The decisions regarding sports activities and headquartering the college of education at UAF were failures. Both of these decisions failed because they were poorly designed and poorly implemented. Having hundreds of people from various constituencies involved in a flawed process that does not resemble shared governance does not legitimize it.

There is a change that the faculty would support and which goes further than Strategic Pathways. At least two reports commissioned by the University of Alaska have recommended cutting the size of the UA administration. The Fisher report, page 16, recommendation 7 (2011), states:

"First, as it stands, the University of Alaska is overly centralized and devotes too many resources to a command and control regulator model that should instead place more emphasis upon incentives, distinctiveness and entrepreneurial activities.

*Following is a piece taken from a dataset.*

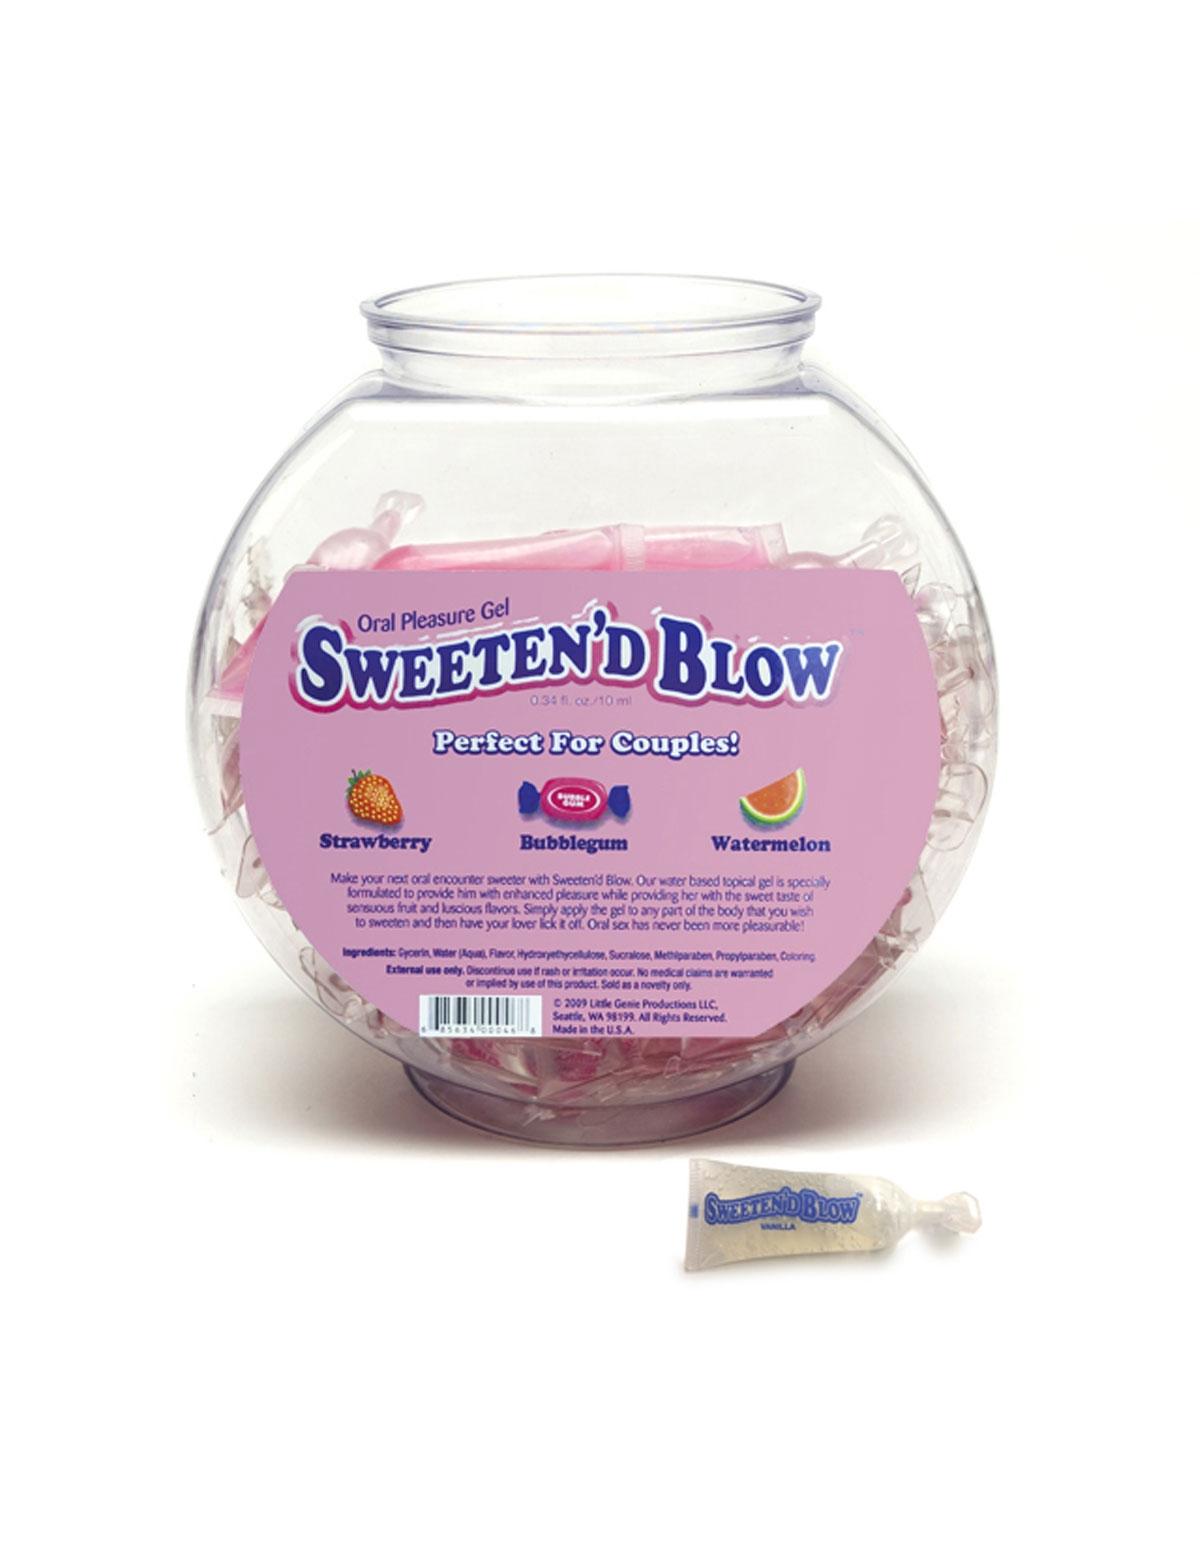 Sweeten D Blow Pillow Pack

Increasingly, under the authority of the President, UA Systems administrators should act as staff to the Board and provide recommendations rather than wielding final administrative authority."

If the Board of Regents, the Legislature and the governor had a conversation with the faculty, administration and staff from all three campuses, they would find overwhelming support for this recommendation. Instead of consolidating power in the UA administration, as Strategic Pathways is designed to do, we need to head in the opposite direction.

Texas has 15 university campuses, each larger than UAA. They have a central administration of 115 people supporting their board of governors. They are expanding and working to establish new campuses. They support five times the number of universities with half of the staff of UA.

Oregon just reduced their central administration staff from 200 people to six and empowered their universities to be entrepreneurial in serving their constituencies. The universities are thriving and the local constituents are extremely happy.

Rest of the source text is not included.